Most public transit systems in the U.S. have a significant first- and last-mile problem. "If you don't pick up people within a quarter of a mile of where they live and drop them off very close to their final destination, you lose 90% of your ridership," explained A. Russell Chandler III Chair and Professor Pascal Van Hentenryck.
The human component of mobility is a problem Van Hentenryck and his team of students and post-doctoral researchers in the H. Milton Stewart School of Industrial and Systems Engineering (ISyE) have studied for years. Their goal is to address the first- and last-mile problem and provide equitable, efficient, and low-cost public transportation options. Increasing the use of public transit will not only decrease reliance on personal vehicles and reduce traffic congestion and greenhouse gas emissions; it will also increase accessibility to jobs, healthcare, education, and fresh food.
Van Hentenryck, who also serves as associate chair for innovation and entrepreneurship and leads the Socially Aware Mobility (SAM) Lab in ISyE, has developed a multimodal approach in which small on-demand shuttles take riders to and from their locations to high-frequency bus and rail hubs. He has conducted successful case studies using this methodology in the midsized cities of Canberra, Australia, and Ann Arbor, Michigan, which resulted in significant decreases in cost and passenger wait times. He is currently working on scaling the optimization and machine-learning algorithms used in Ann Arbor and Canberra for Atlanta.
However, when executives from Ryder System, Inc., a leading logistics and transportation company with more than 235,000 vehicles and 8,600 professional truck drivers, reached out to Van Hentenryck about a collaboration, the research team began to look at the model through a different lens.
"We have been focusing on people mobility and had not looked at other types of transportation," said Van Hentenryck. "So when Ryder came to us, we were very interested to see if the techniques that we were using for people could apply more generally to freight. In this project specifically, we are looking at how adding autonomous vehicles could unlock additional value."
Van Hentenryck and his team met with Ryder to better understand the company's goals and to determine if this multimodal approach could be applied to another system. Working with a company like Ryder gave the team access to large amounts of data and to logistics experts who understand the industry's current and future challenges.
"There is a lot of back-and-forth between researchers and company representatives in a project like this," explained Van Hentenryck. "Sometimes the solutions we come up with in the lab will not work in the field, and so you have this iterative process in transforming the research idea into something that is applicable in the field."
Ryder operates a network of dedicated fleets for its customers, and even with high levels of performance, inflexible transportation lanes and schedules often lead to inefficiencies.
"We learned that sometimes these trucks are traveling many miles completely empty, which is not cost effective," Van Hentenryck said. "We started looking at how we can avoid these 'empty miles.'"
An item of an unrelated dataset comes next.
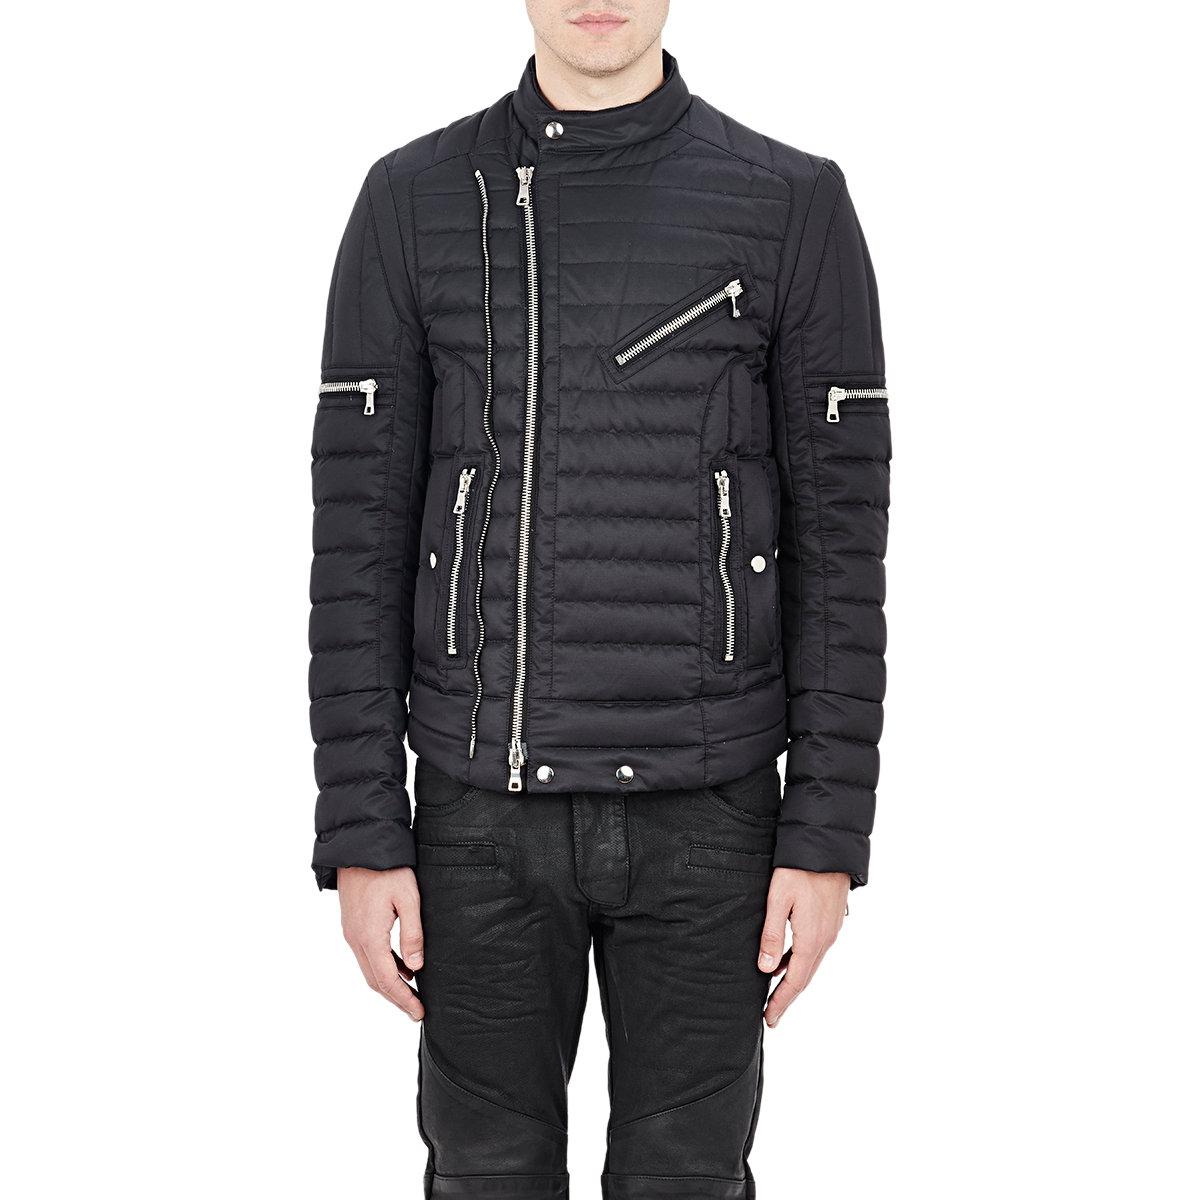 Balmain Multi Zip Moto Puffer Jacket In Black For Men Lyst

To meet customer needs, Ryder must execute a large number of freight movements across the country. The team realized that by breaking each trip into three sections - origin-to-hub, hub-to-hub, and hub-to-destination - it could organize a network using both regular and autonomous trucks. The first and last segments would rely on smaller human-operated vehicles, since these will typically occur in more densely populated locations. Connections between hubs would rely solely on autonomous trucks (those without a human driver), generally in sparsely populated controlled environments like highways and exit ramps.
"Safety is especially important to our researchers and to Ryder, and we take it very seriously," said Van Hentenryck. "Keeping the autonomous trucks on the longer-haul middle leg, and human drivers in the first and final legs, schedules autonomy on lengthy, often overnight trips, and places drivers in dense environments where there are many other variables at play like left-hand turns, stop signs, pedestrians, etc."
The autonomous hub-to-hub aspect allows Van Hentenryck's model to be optimized in a whole new way because it doesn't depend on having drivers available - autonomous trucks are extremely flexible. This can deliver significant projected savings for Ryder if the model is implemented.
"The whole team was stunned by the projected savings from this project," said Van Hentenryck. "I have worked on many different transportation problems during my career, and 1% improvement is magical. In this case improvement goes from 29% to 40%, depending on the price of autonomous trucks and the cost of operating them. Also, the flexibility to move these autonomous trucks around gave us the ability to optimize the business model in ways people didn't even consider before."
The agility of the new model also provides better reactions to supply chain disruptions, because it can adapt more quickly to a new situation.
"Autonomous driving technology is poised to be incredibly disruptive to our industry in safety, service, and cost. As such, it was clear to us that this was not something we could wait to figure out or be handed a playbook. This collaboration with Georgia Tech was an advancement in our commitment to becoming a leader in fostering innovation and bringing it to our customers," said Michael Plasencia, group director of new product strategy at Ryder.
"We are designing a much more resilient supply chain logistics system, and that is because we are thinking differently," Van Hentenryck added. "This technology provides more resilience, more flexibility, and is more affordable.
"This project is only a first step. The whole field of transportation, logistics, and supply chains is being transformed by technology, automation, and the changes in attitudes and expectations that emerged during Covid-19. We are looking forward to working with Ryder on many of these."